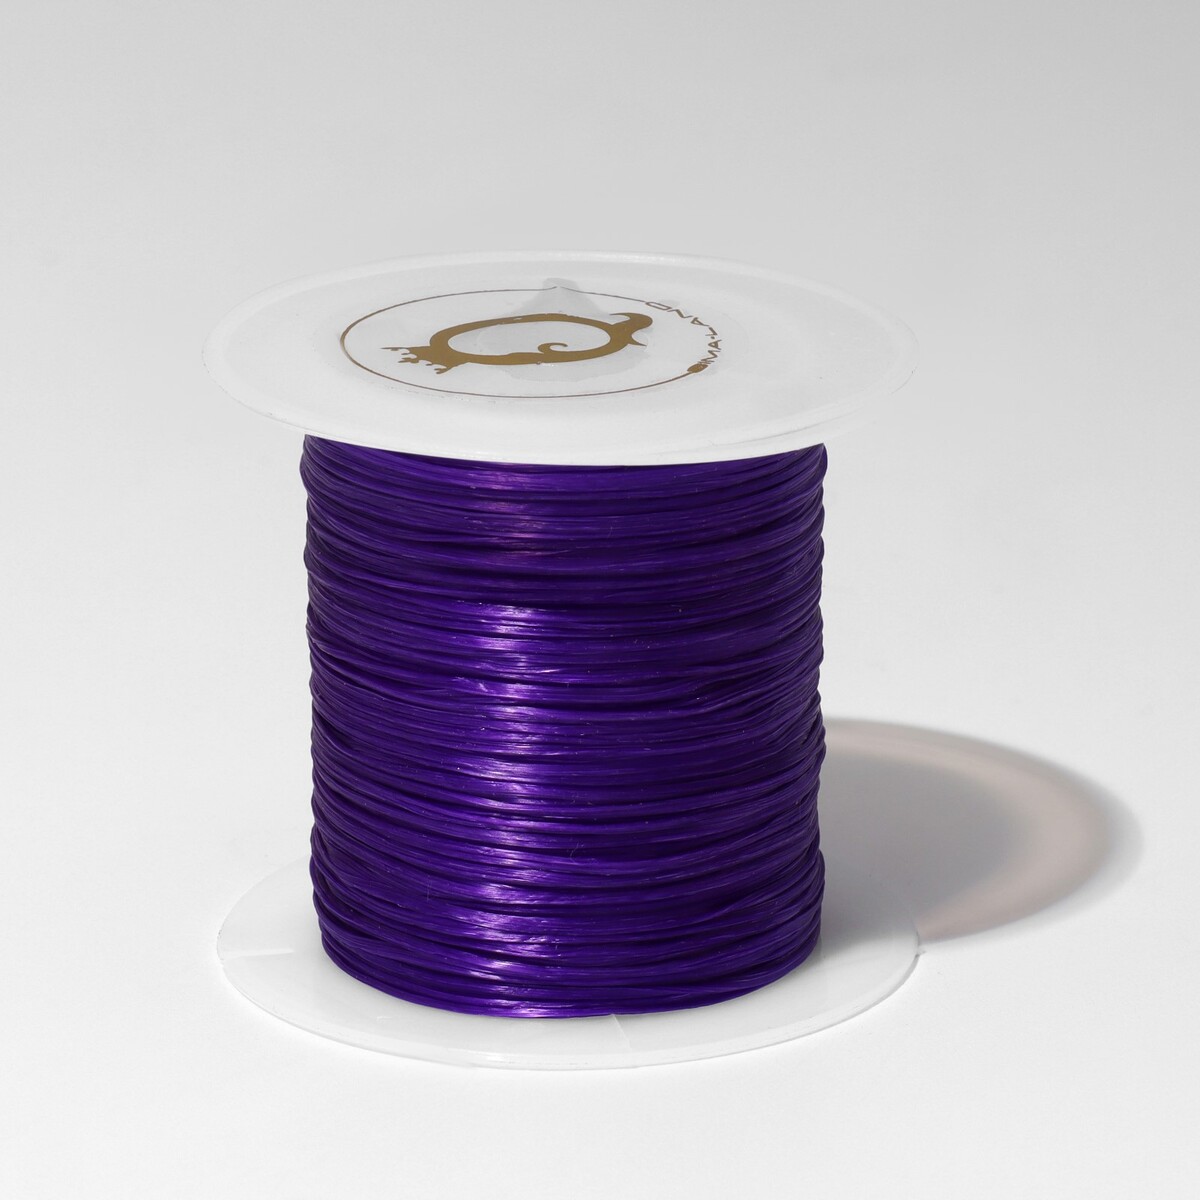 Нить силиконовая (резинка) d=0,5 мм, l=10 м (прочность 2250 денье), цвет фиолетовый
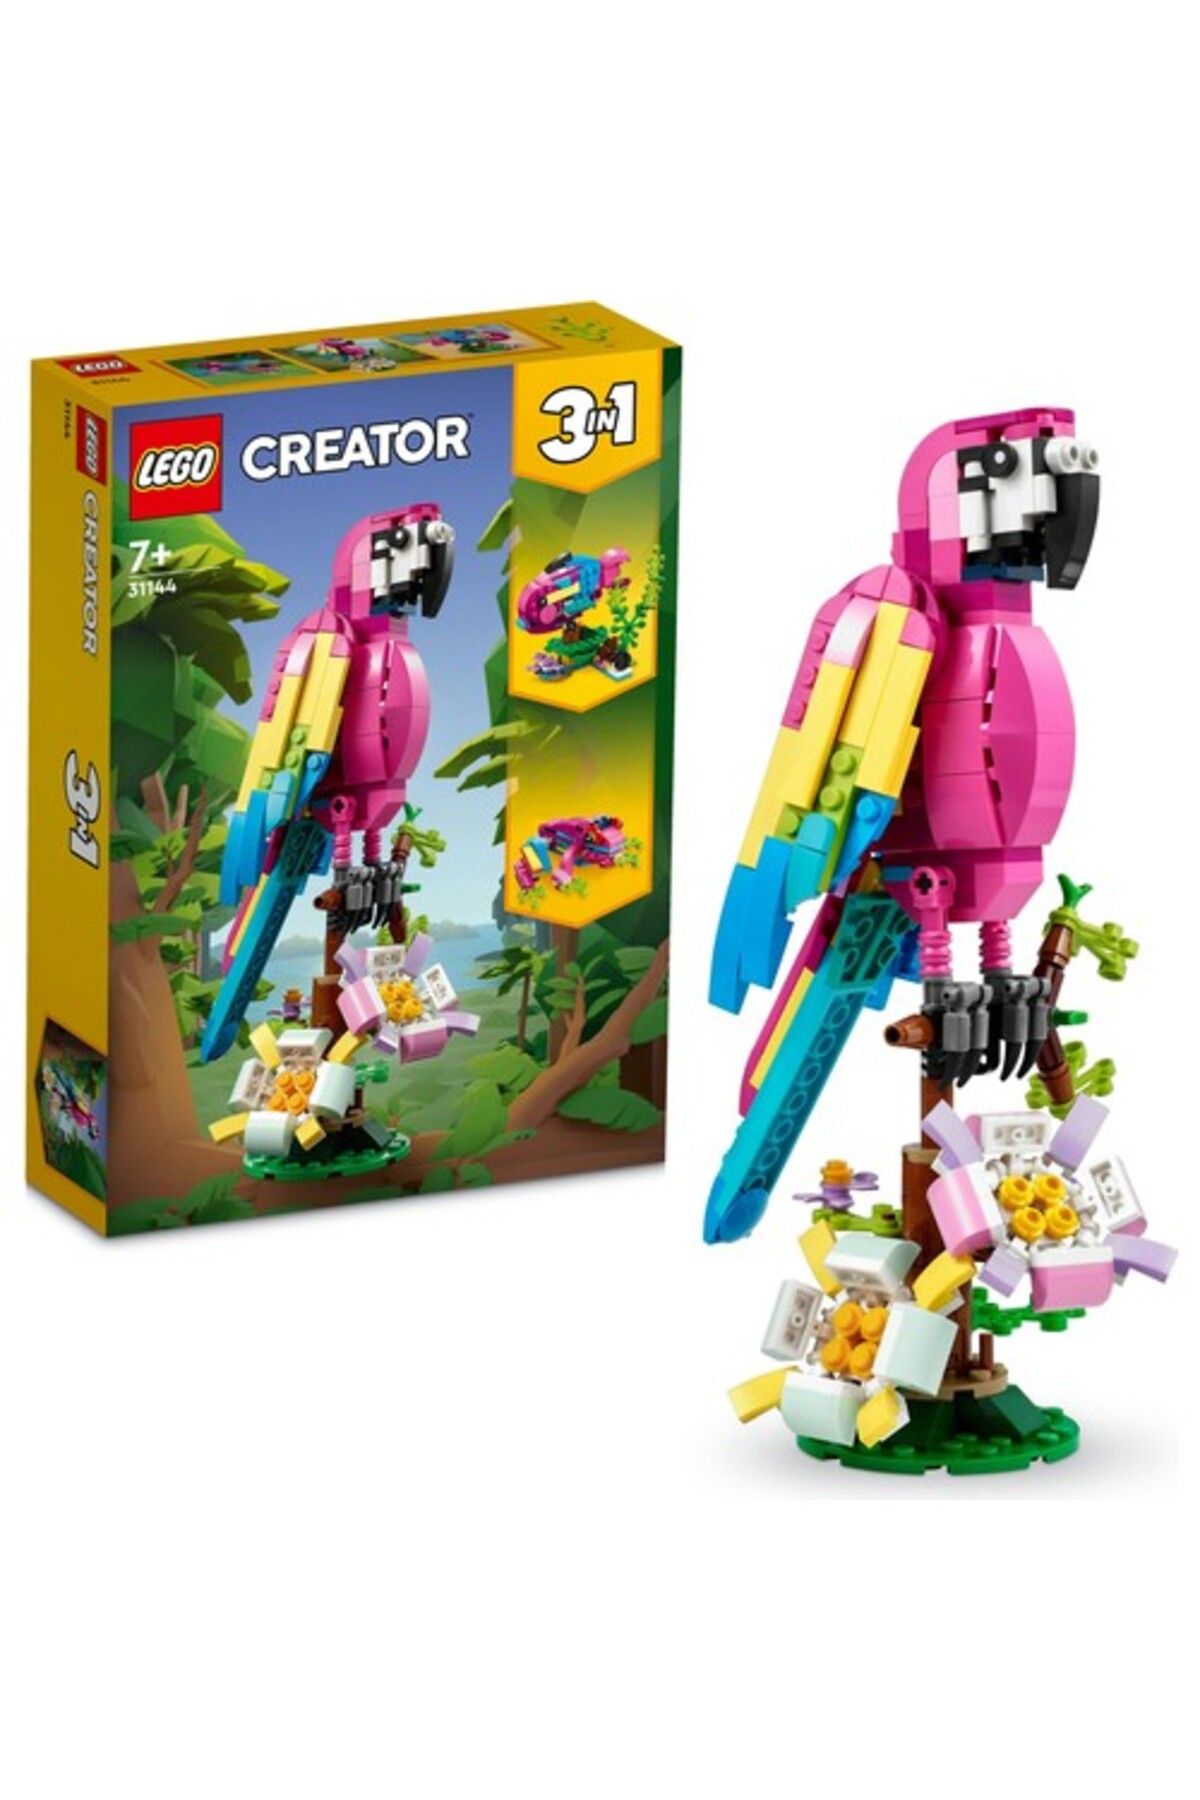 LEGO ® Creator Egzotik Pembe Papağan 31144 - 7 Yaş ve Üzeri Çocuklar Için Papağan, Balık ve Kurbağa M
--
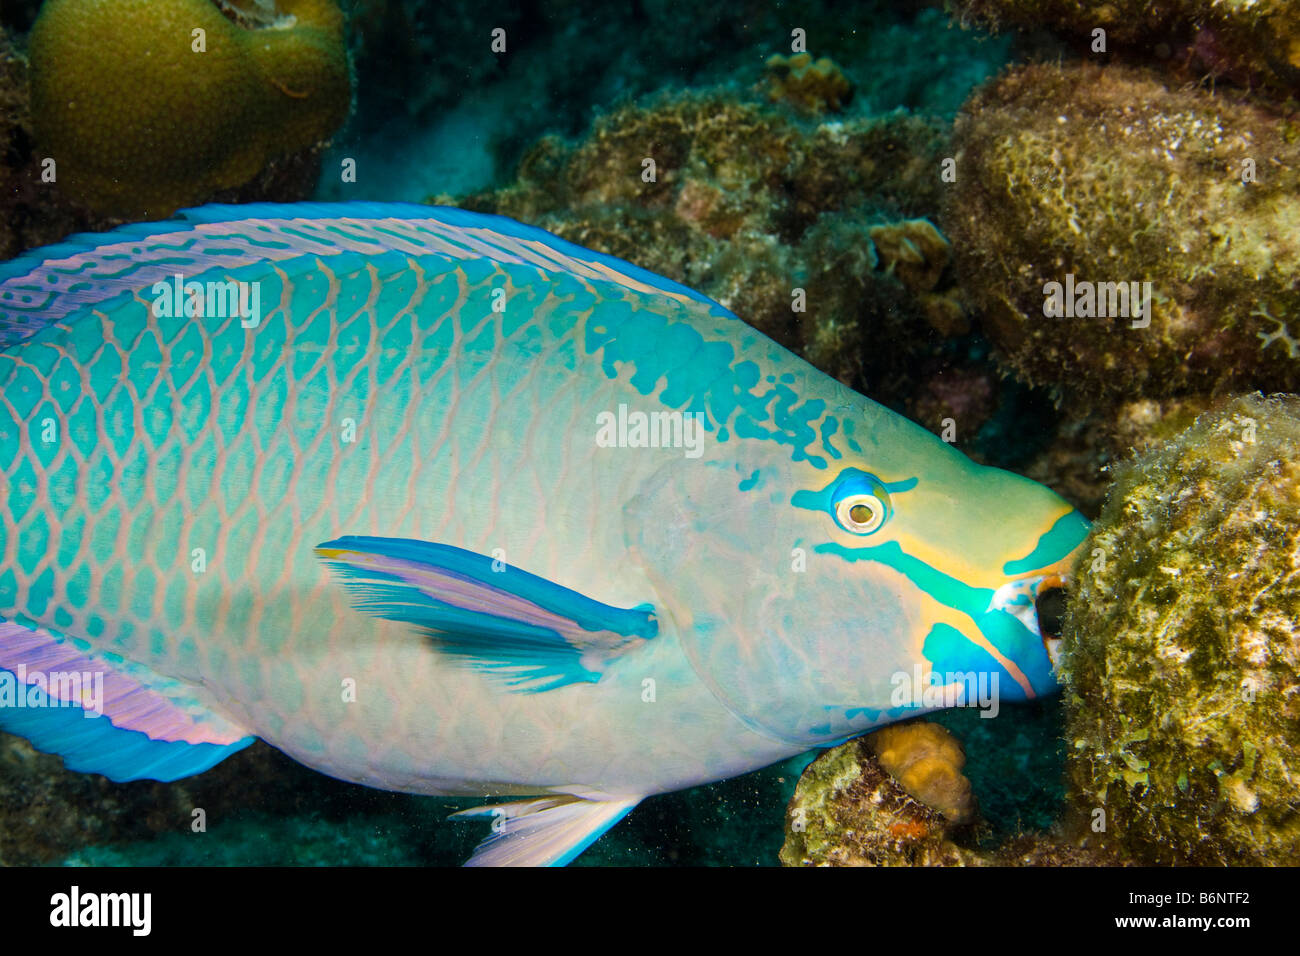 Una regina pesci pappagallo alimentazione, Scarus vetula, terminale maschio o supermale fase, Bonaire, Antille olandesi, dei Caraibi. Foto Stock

YOUR OBJECTIVE: Using the data above, output the line that has "Нить силиконовая (резинка)", the line that has "LEGO ® Creator", and whatever lines fall between, each exactly as it stands and without pictures.

RESPONSE TO THIS EXERCISE:
 Нить силиконовая (резинка) d=0,5 мм, l=10 м (прочность 2250 денье), цвет фиолетовый
 LEGO ® Creator Egzotik Pembe Papağan 31144 - 7 Yaş ve Üzeri Çocuklar Için Papağan, Balık ve Kurbağa M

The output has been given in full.